▶ _Brief_
Output the line that contains "A - Amethyst / 2 CT / 14 KT Yellow Gold" together with each line after it, through the final line of the listing below, word for word; omit pictures.

▶ _Dataset extract_

^^^^

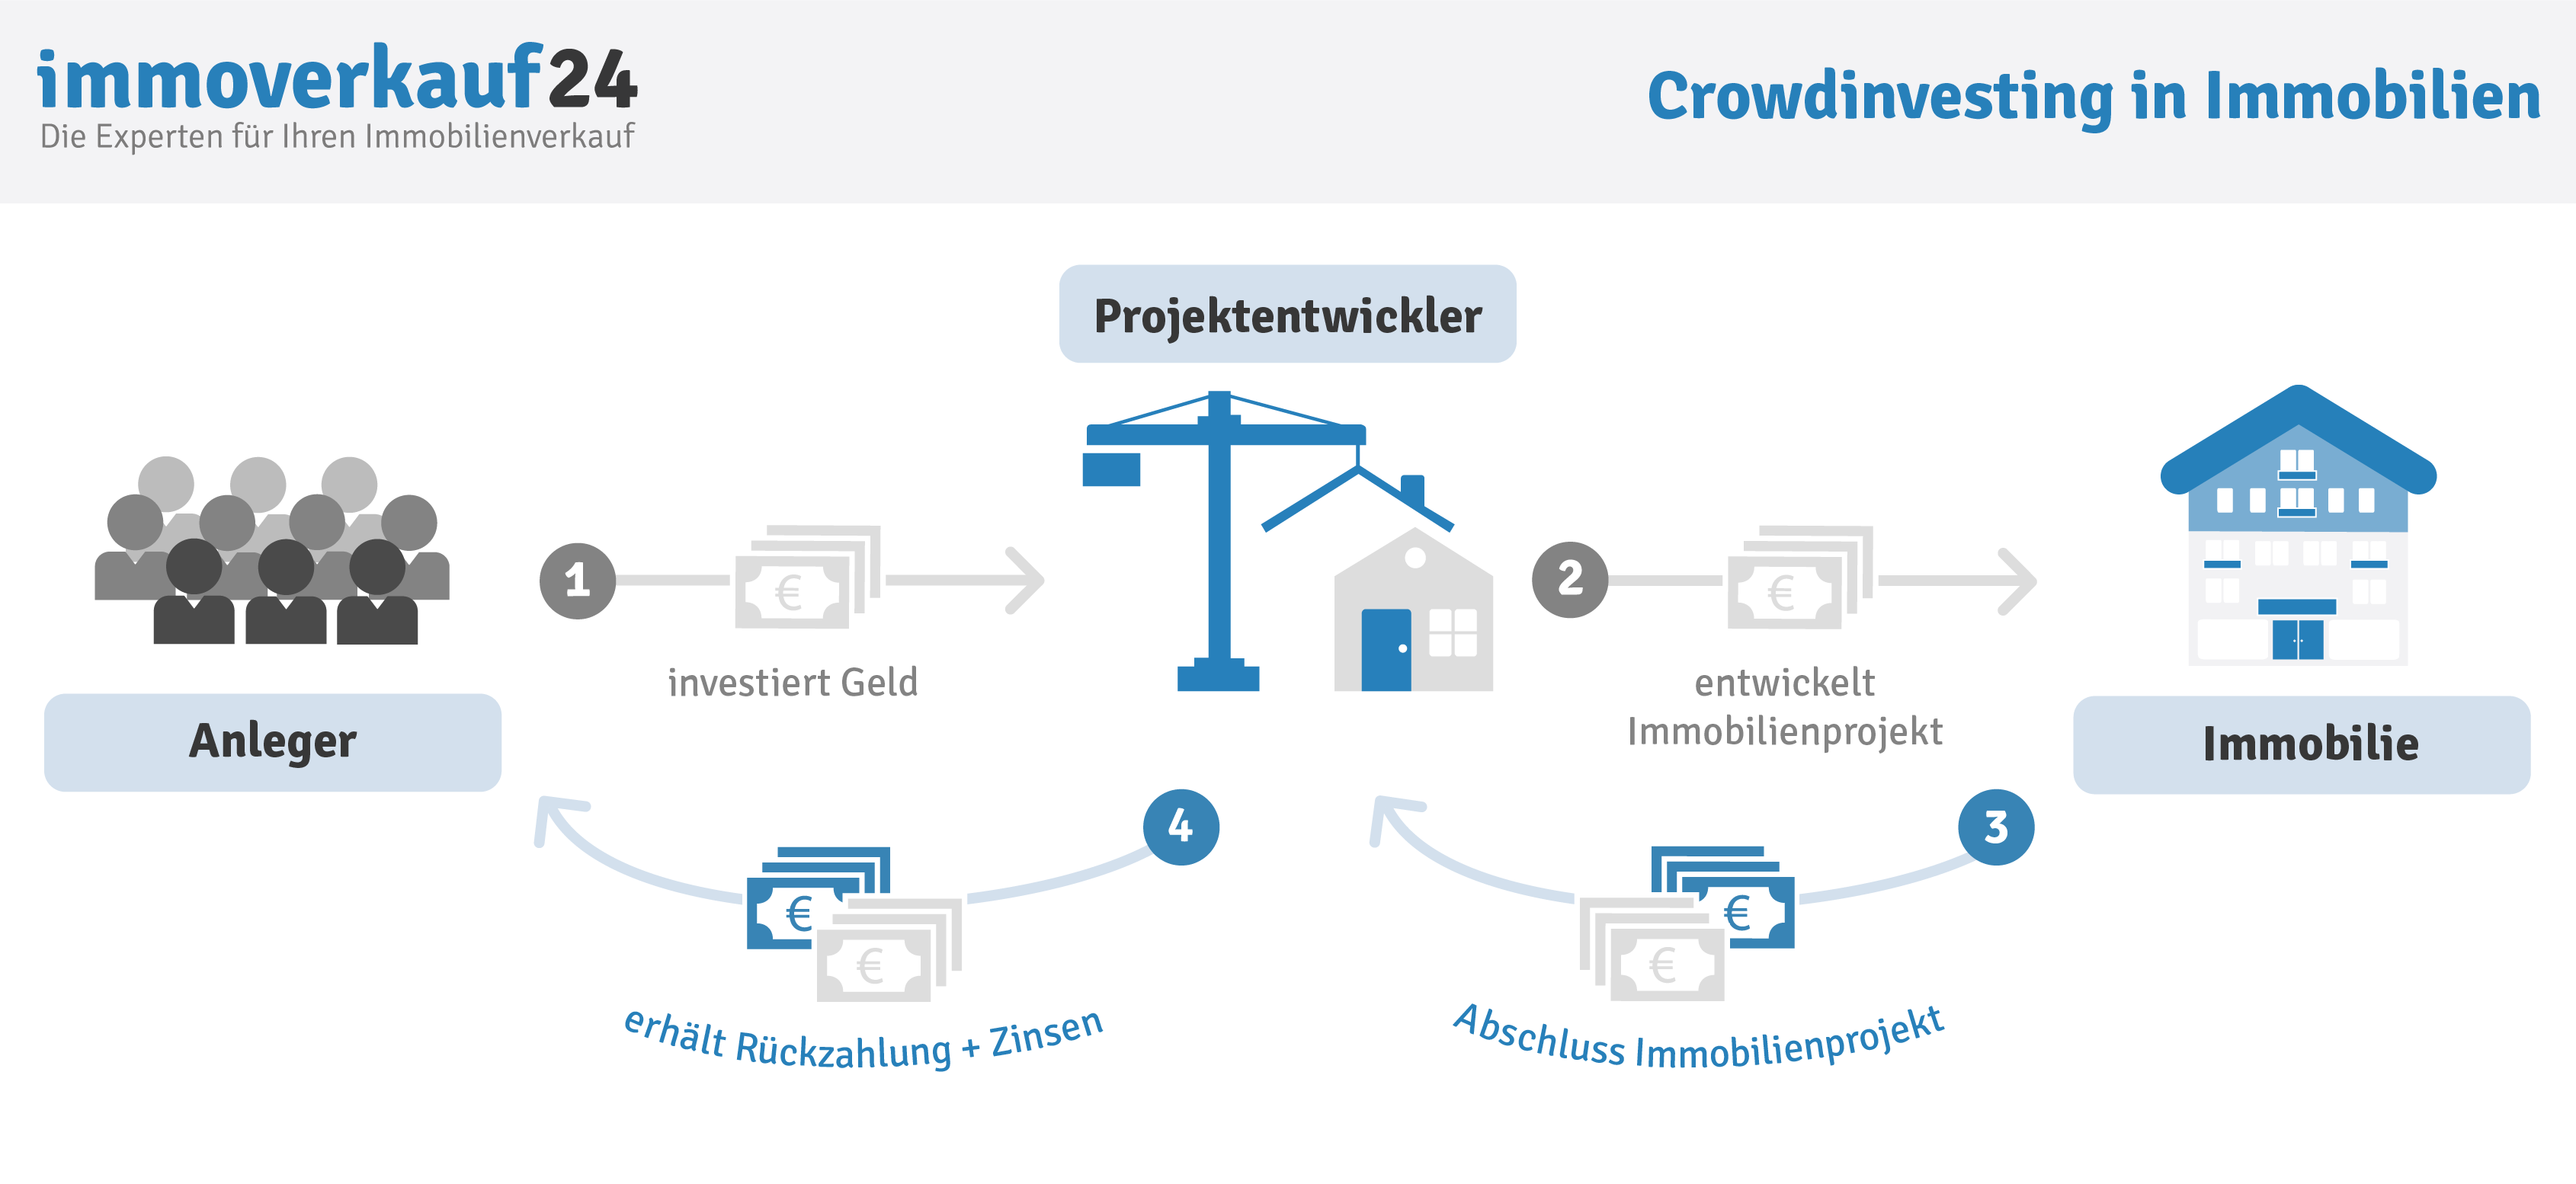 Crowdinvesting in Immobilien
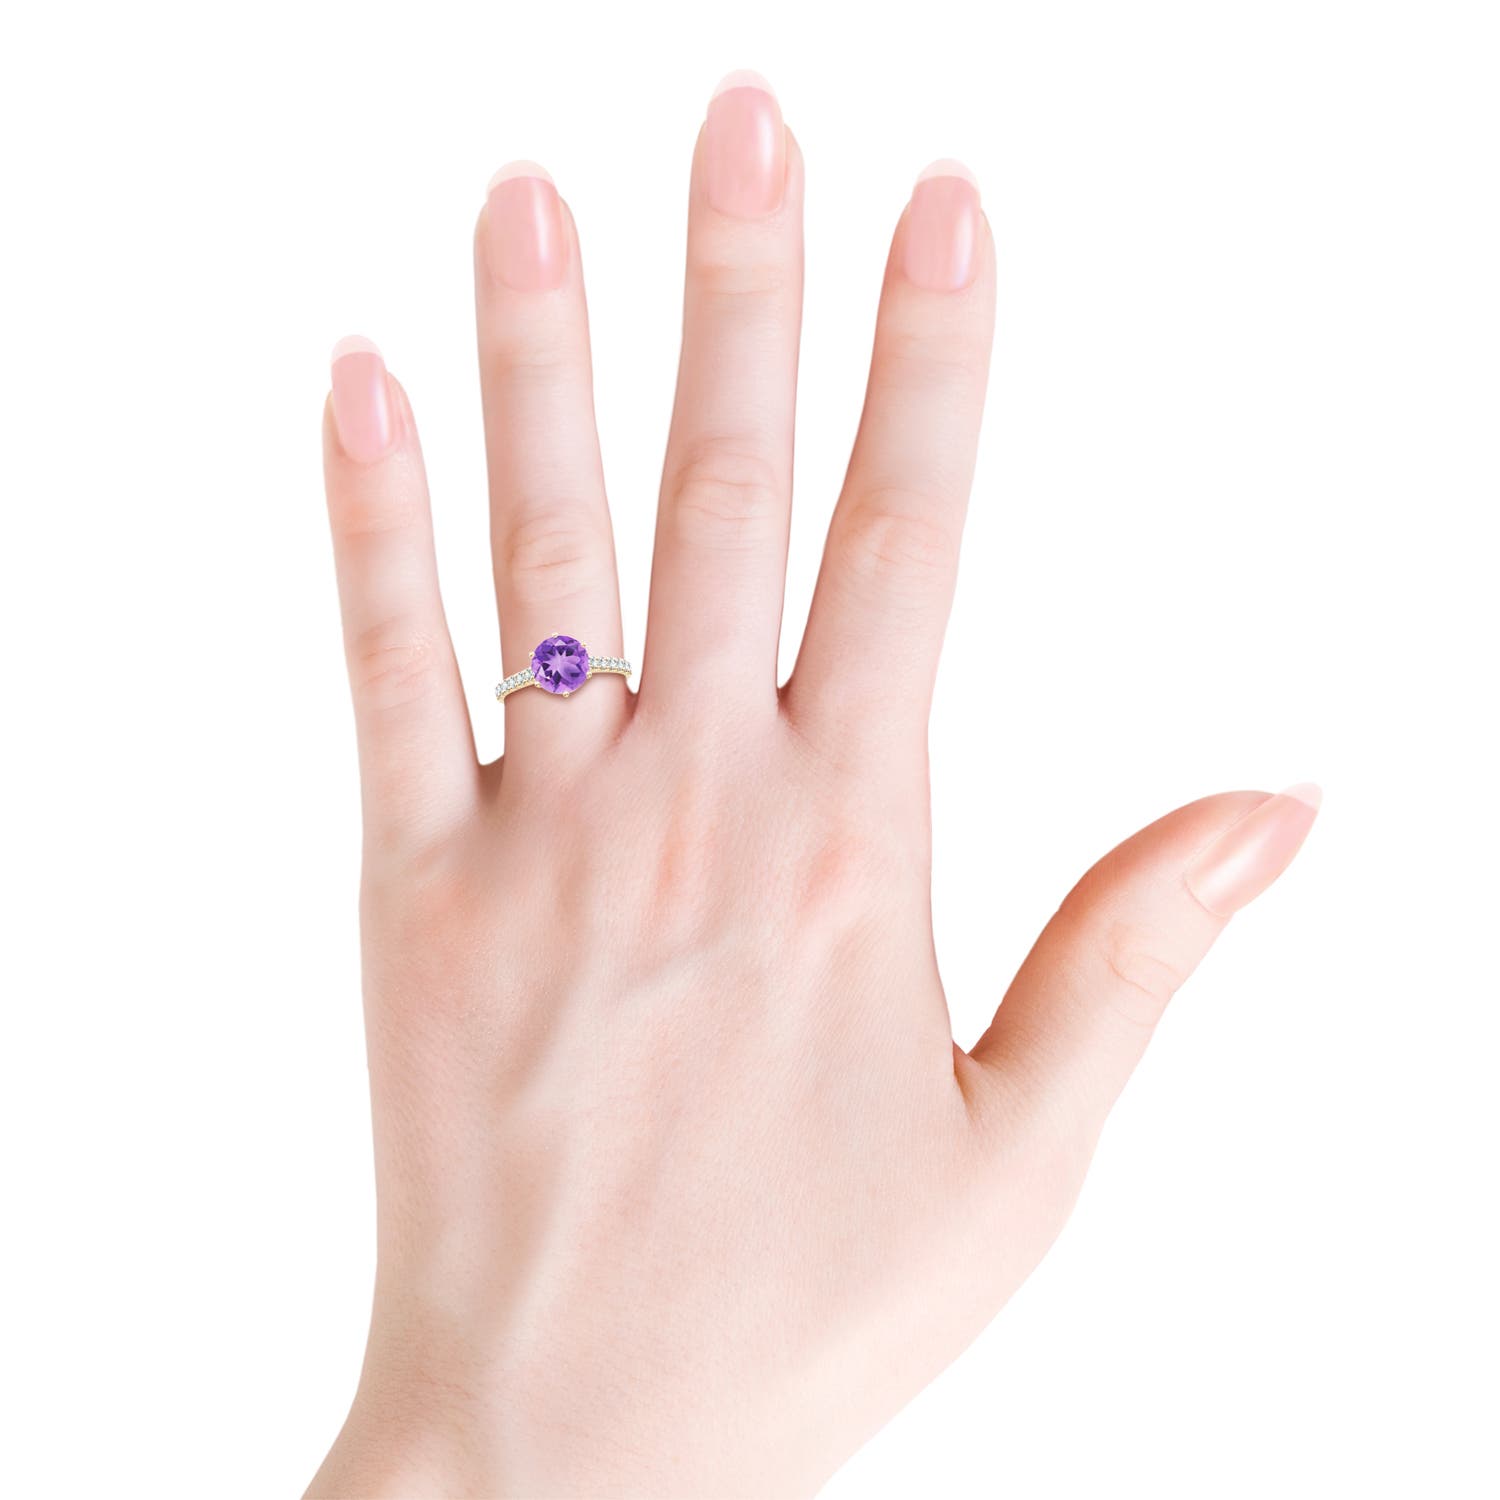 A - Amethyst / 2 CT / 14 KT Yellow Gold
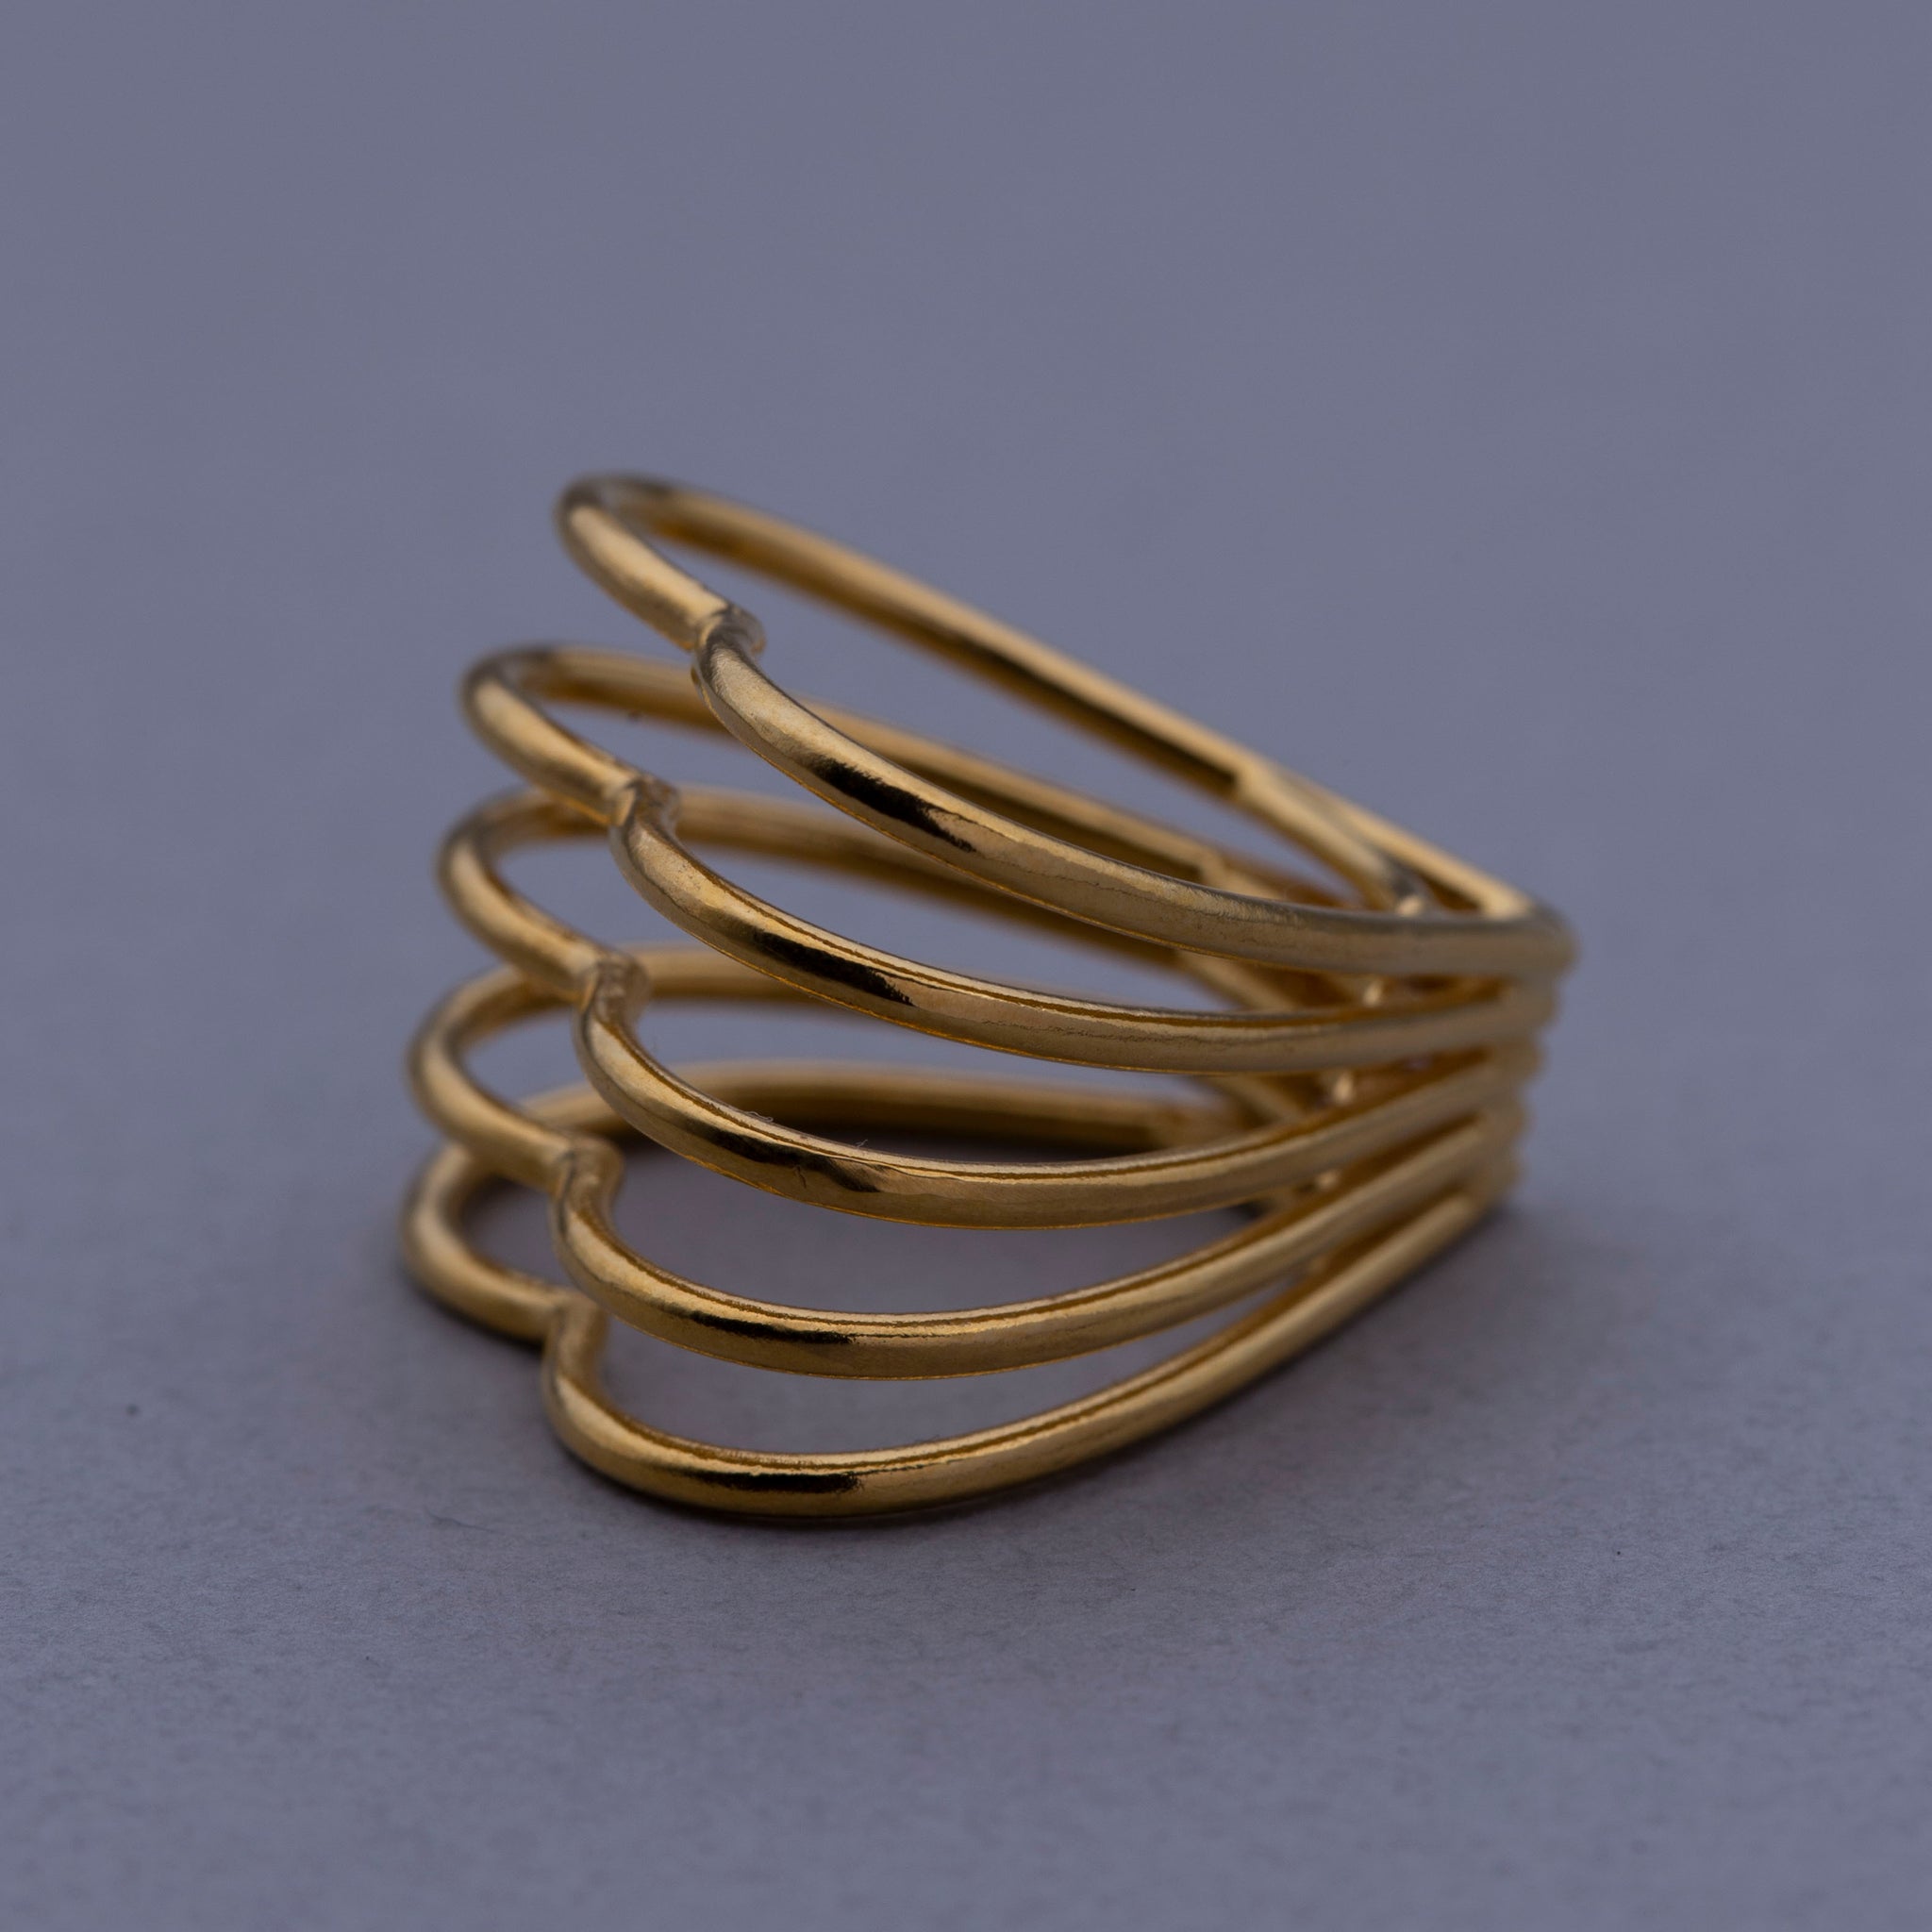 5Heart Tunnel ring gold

^^^^

▶ _Result of the task_
 A - Amethyst / 2 CT / 14 KT Yellow Gold
 5Heart Tunnel ring gold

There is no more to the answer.